··· Supplied material ···
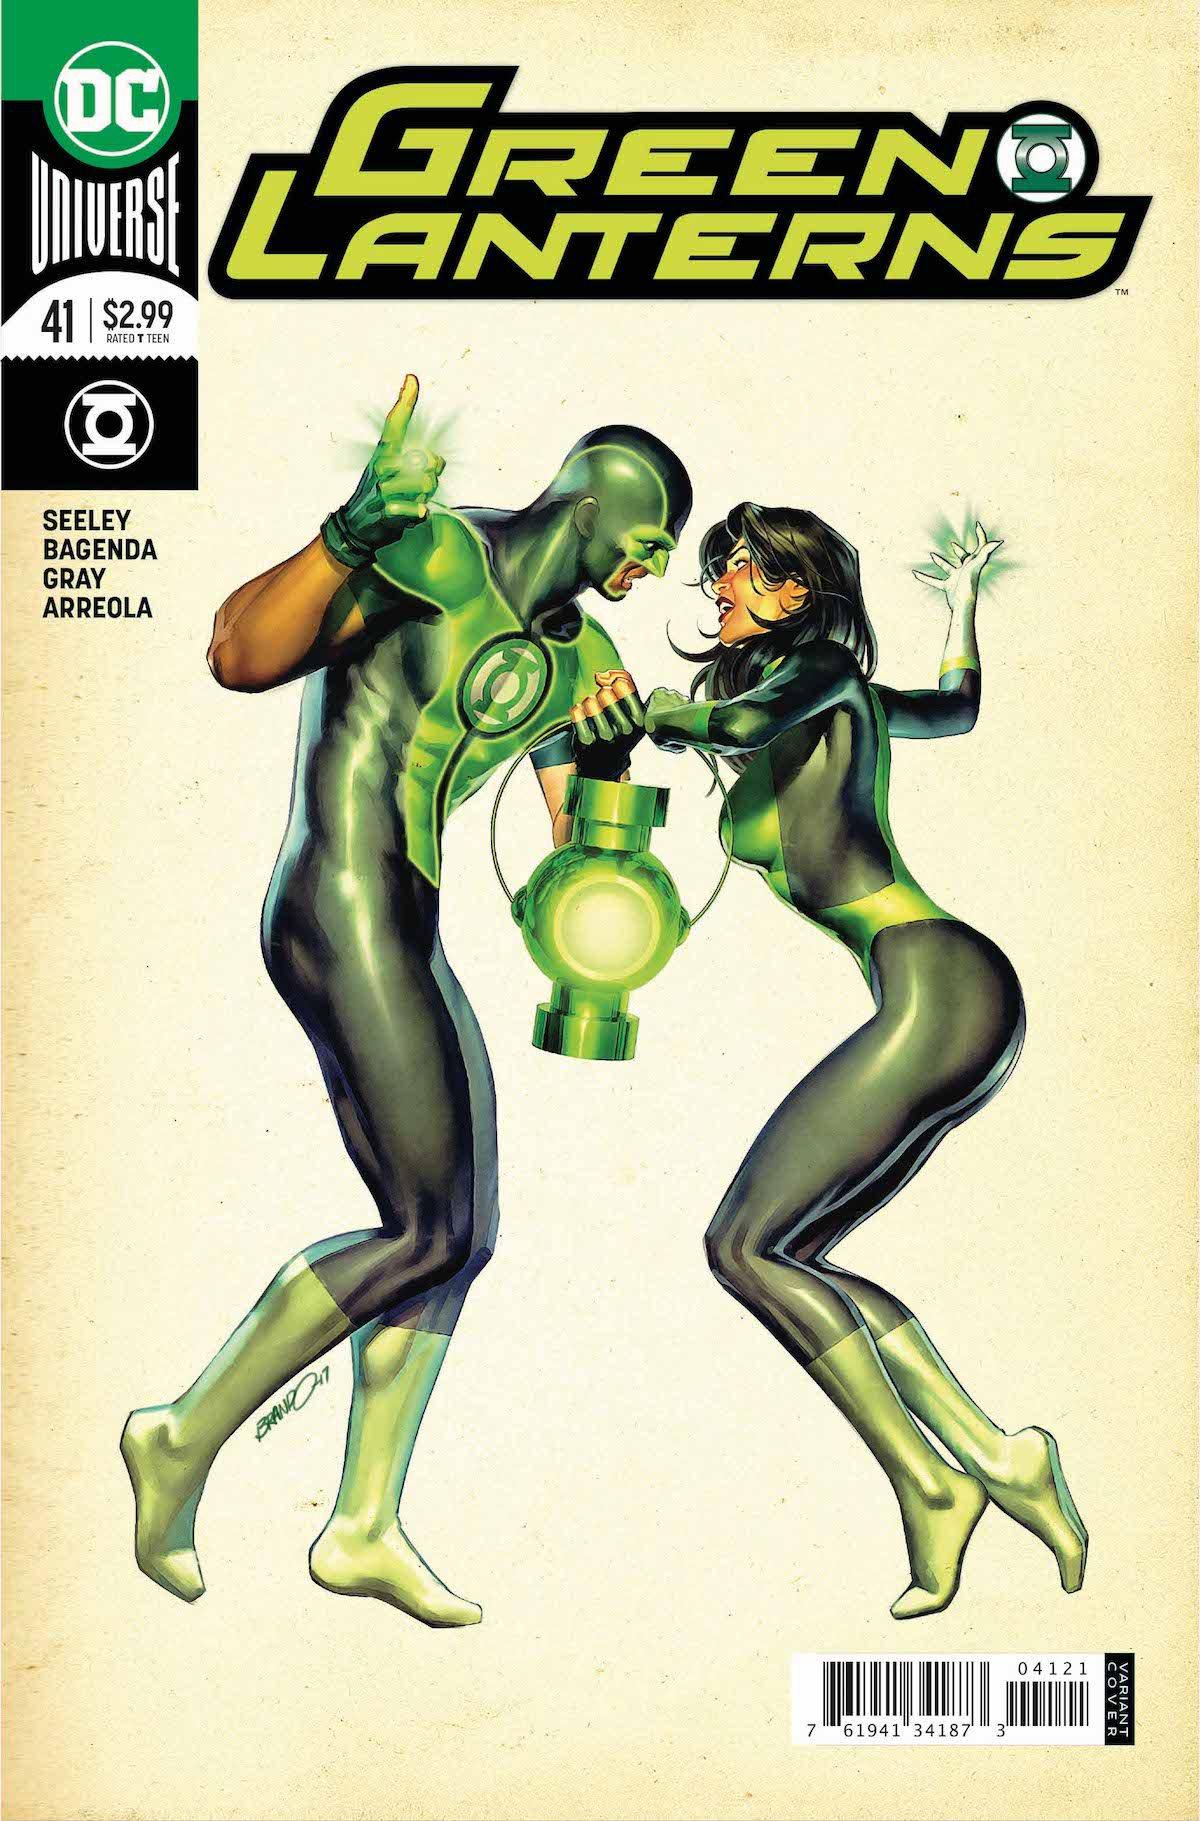 Green Lanterns #41 variant cover
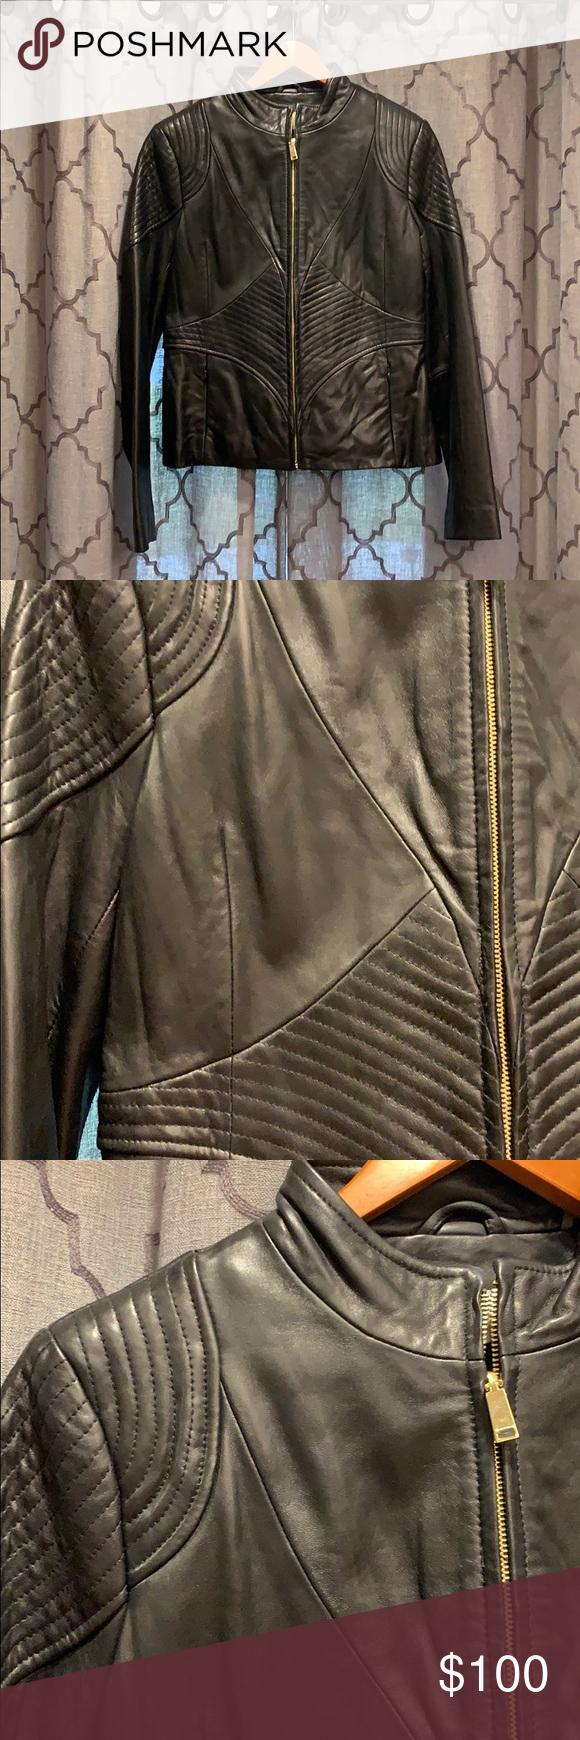 Women S T Tahari Leather Jacket Leather Jackets Women Leather Jacket Black Women [ 1740 x 580 Pixel ]
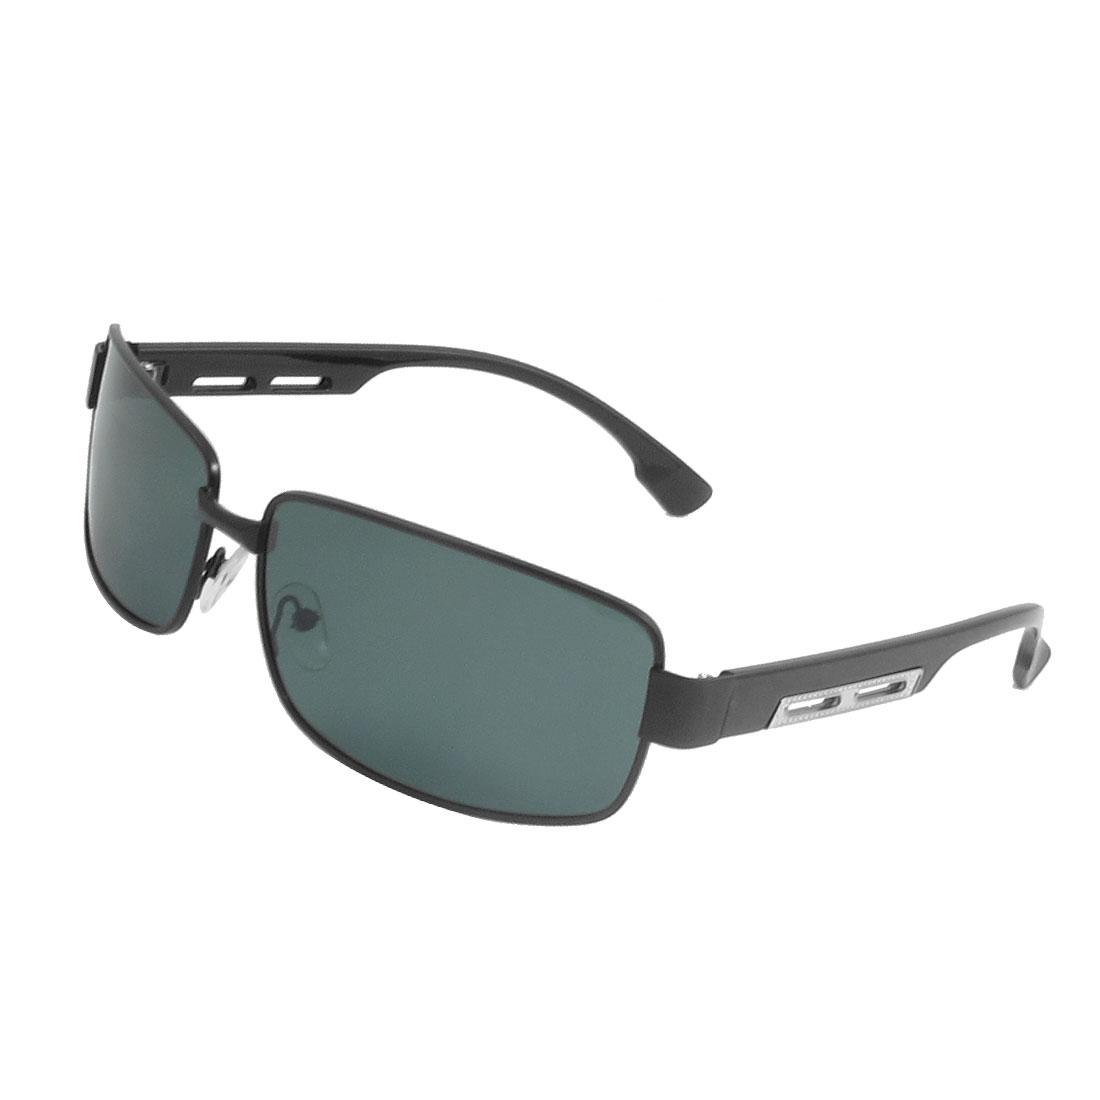 Men Black Full Rim Metal Decor Plastic Arms Polarized Sunglasses
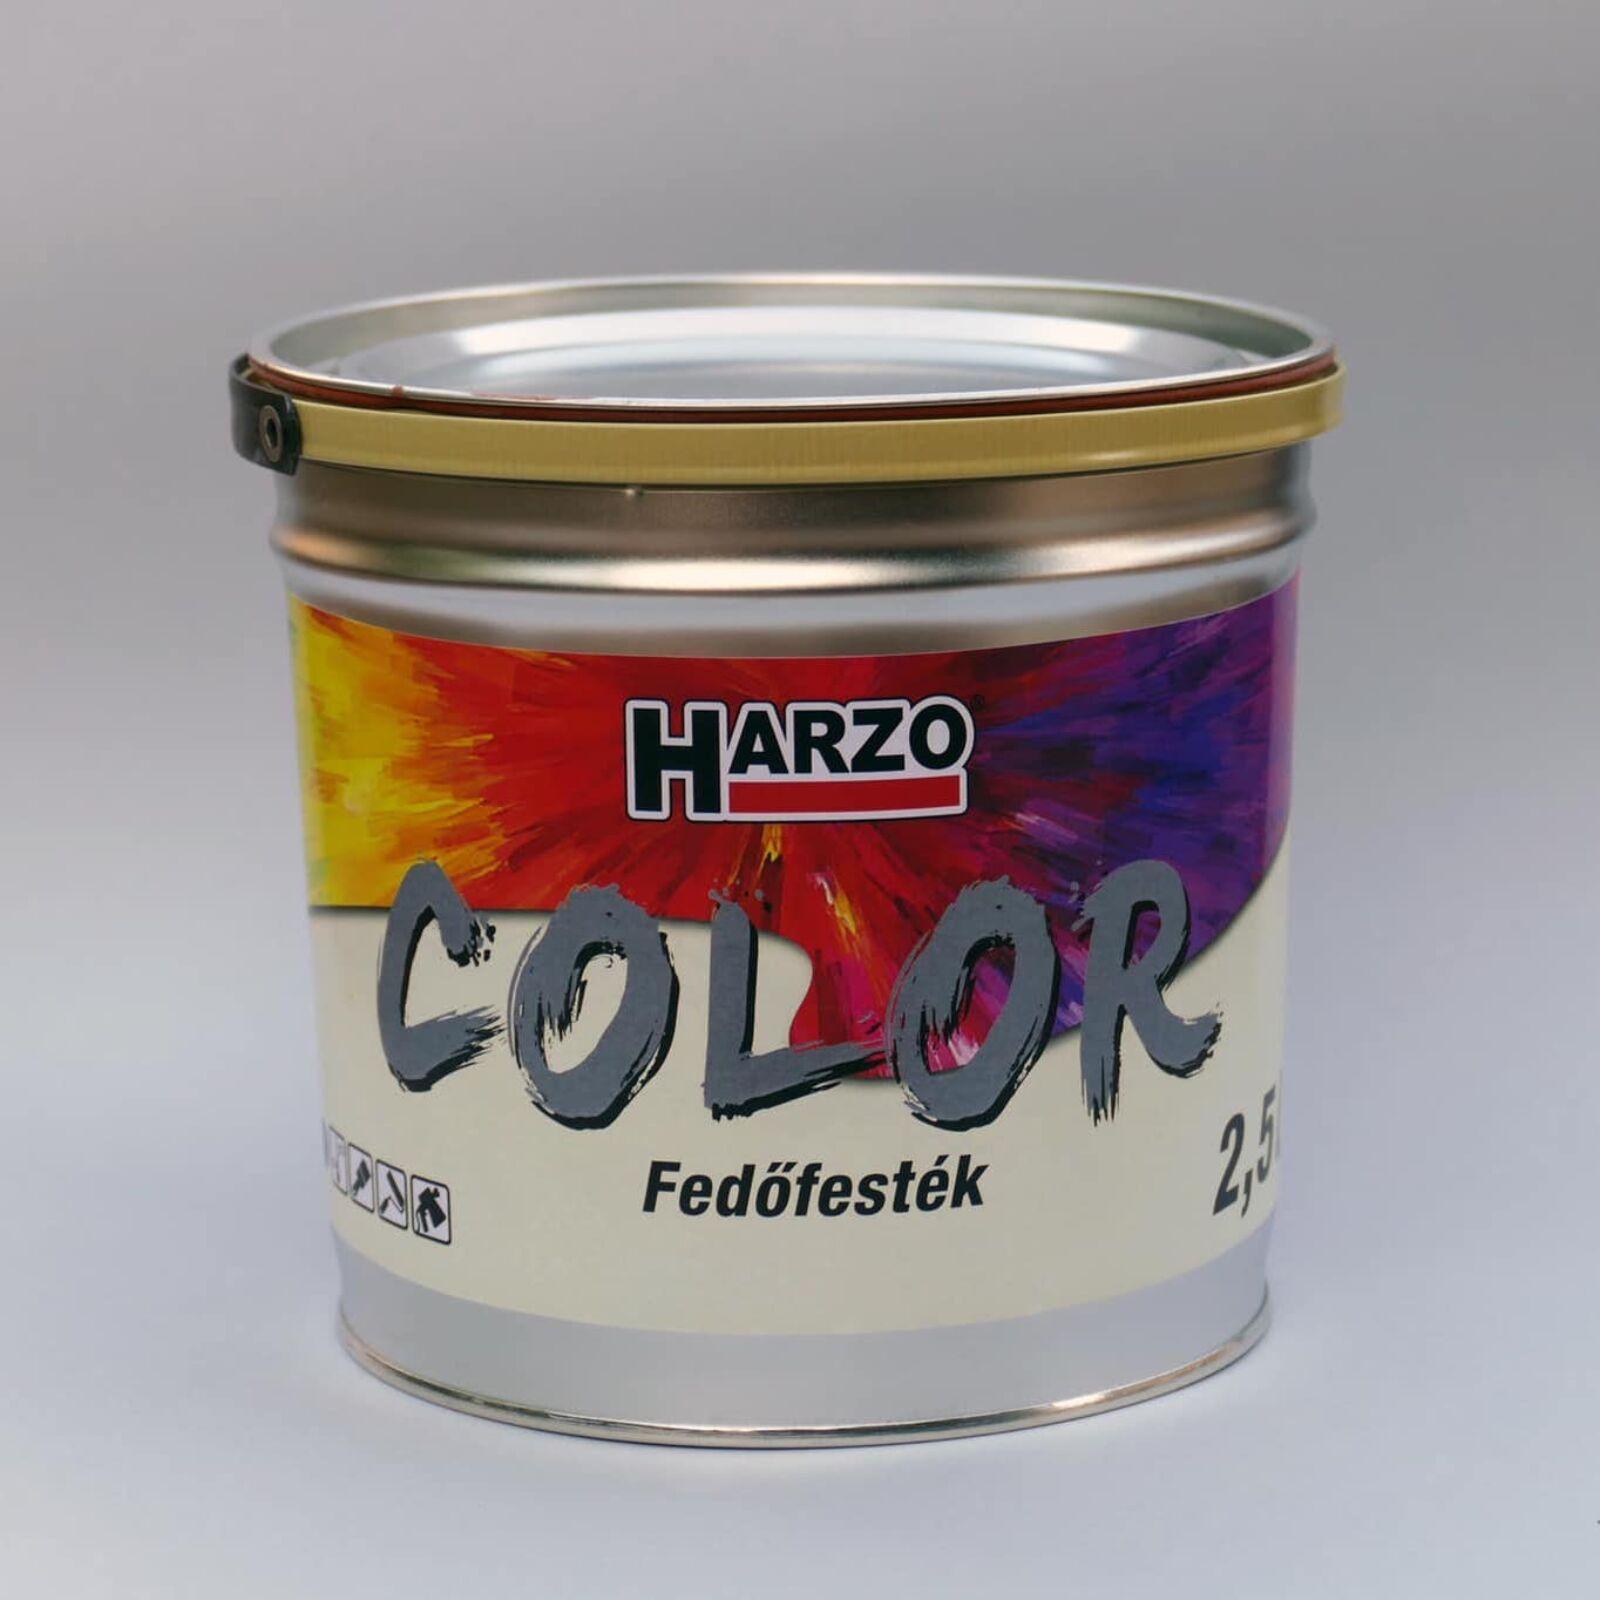 HARZO Color fedőfesték [5 lit]
···
§ What the task asks: When you set down the material above, keep every word exact and include no pictures.

§ Output for this task:
 Green Lanterns #41 variant cover
 Women S T Tahari Leather Jacket Leather Jackets Women Leather Jacket Black Women [ 1740 x 580 Pixel ]
 Men Black Full Rim Metal Decor Plastic Arms Polarized Sunglasses
 HARZO Color fedőfesték [5 lit]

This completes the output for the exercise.